Part 31 (1/2)

He leaned forward, half kneeling at her feet, and she permitted him to clasp her hand within both his own. ”Tell me, at least, this--is it some one else? Is it Hampton?”

She smiled at him through a mist of tears, a smile the sad sweetness of which he would never forget. ”In the sense you mean, no. No living man stands between us, not even Bob Hampton.”
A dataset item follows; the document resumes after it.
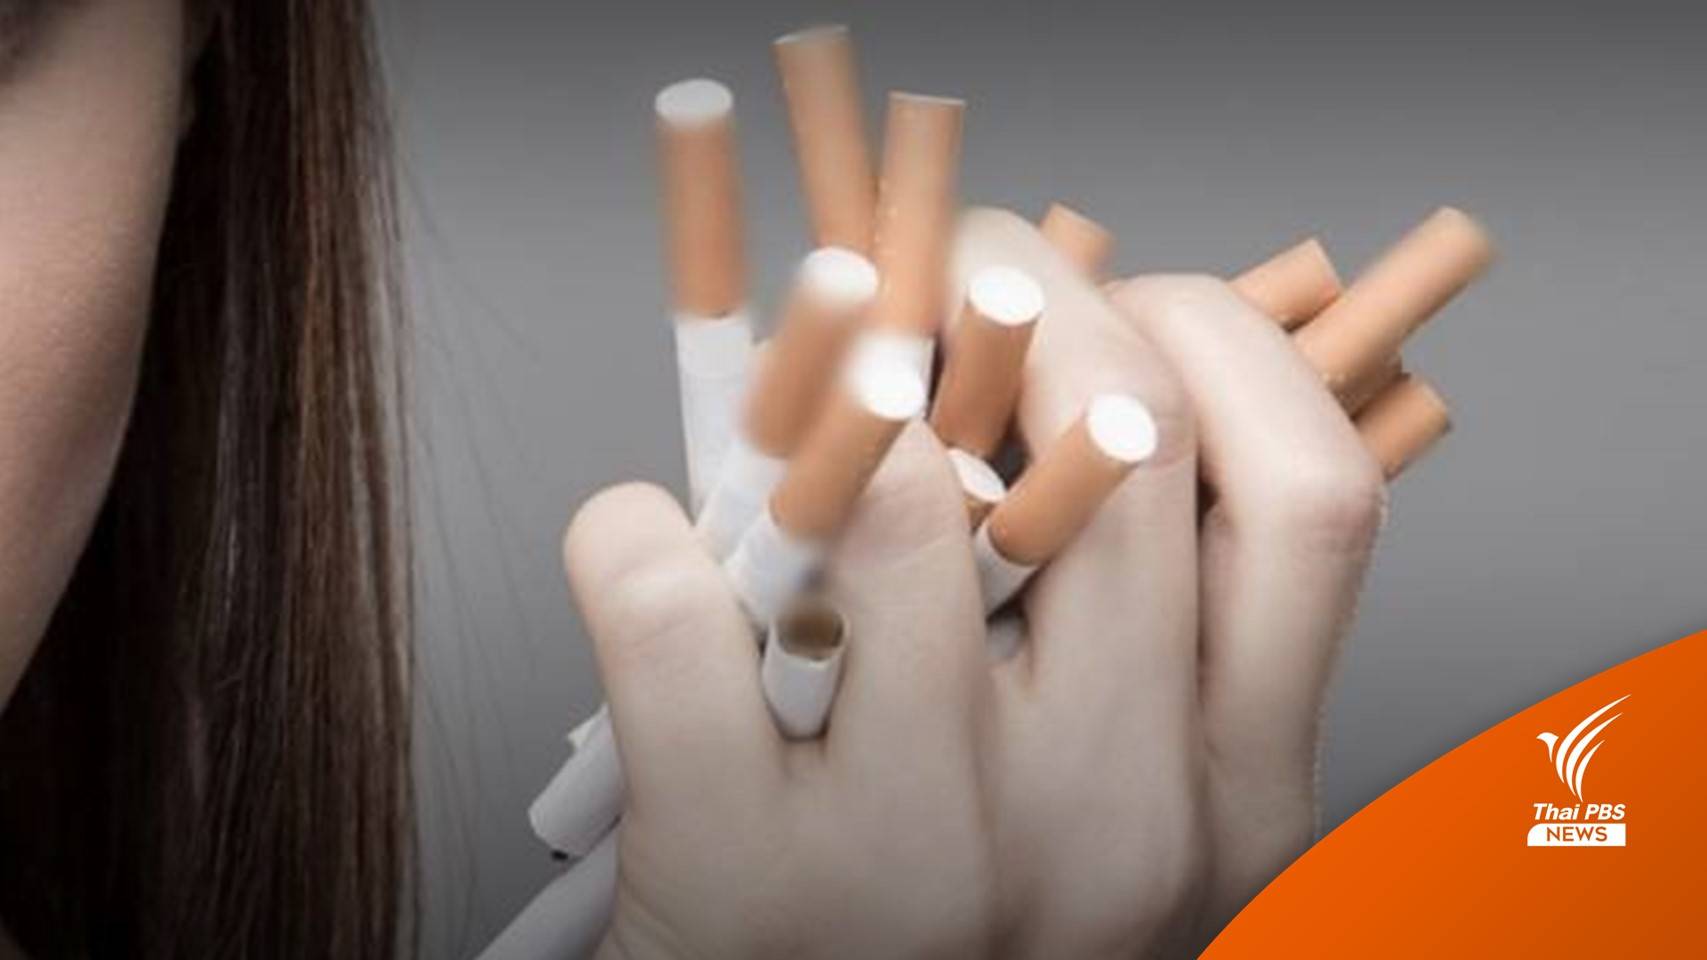 สูบบุหรี่ส่งผลเกิดภาวะปอดรั่ว อันตรายถึงชีวิต

”Does he know why this cannot be?”

”He does know, but I doubt if he will ever reveal his knowledge; certainly not to you. He has not told me all, even in the hour when he thought himself dying. I am convinced of that. It is not because he dislikes you, Lieutenant Brant, but because he knew his partial revealment of the truth was a duty he owed us both.”

There was a long, painful pause between them, during which neither ventured to look directly at the other.

”You leave me so completely in the dark,” he said, finally; ”is there no possibility that this mysterious obstacle can ever be removed?”

”None. It is beyond earthly power--there lies between us the shadow of a dead man.”

He stared at her as if doubting her sanity.

”A dead man! Not Gillis?”

”No, it is not Gillis. I have told you this much so that you might comprehend how impossible it is for us to change our fate. It is irrevocably fixed. Please do not question me any more; cannot you see how I am suffering? I beseech your pity; I beg you not to prolong this useless interview. I cannot bear it!”

Brant rose to his feet, and stood looking down upon her bowed head, her slender figure shaken by sobs. Whatever it might prove to be, this mysterious shadow of a dead man, there could be no doubting what it now meant to her. His eyes were filled with a love unutterable.

”Naida, as you have asked it, I will go; but I go better, stronger, because I have heard your lips say you love me. I am going now, my sweetheart, but if I live, I shall come again. I know nothing of what you mean about a dead man being between us, but I shall know when I come back, for, dead or alive, no man shall remain between me and the girl I love.”

”This--this is different,” she sobbed, ”different; it is beyond your power.”

”I shall never believe so until I have faced it for myself, nor will I even say good-bye, for, under G.o.d, I am coming back to you.”

He turned slowly, and walked away. As his hand touched the latch of the door he paused and looked longingly back.

”Naida.”

She glanced up at him.

”You kissed me once; will you again?”

She rose silently and crossed over to him, her hands held out, her eyes uplifted to his own. Neither spoke as he drew her gently to him, and their lips met.

”Say it once more, sweetheart?”

”Donald, I love you.”

A moment they stood thus face to face, reading the great lesson of eternity within the depths of each other's eyes. Then slowly, gently, she released herself from the clasp of his strong arms.

”You believe in me now? You do not go away blaming me?” she questioned, with quivering lips.

”There is no blame, for you are doing what you think right. But I am coming back, Naida, little woman; coming back to love and you.”

An hour later N Troop trotted across the rude bridge, and circled the bluff, on its way toward the wide plains. Brant, riding ahead of his men, caught a glimpse of something white fluttering from an open window of the yellow house fronting the road. Instantly he whipped off his campaign hat, and bowing to the saddle pommel, rode bareheaded out of sight. And from behind the curtain Naida watched the last horseman round the bluff angle, riding cheerfully away to hards.h.i.+p, danger, and death, her eyes dry and despairing, her heart scarcely beating. Then she crept across the narrow room, and buried her face in the coverlet of the bed.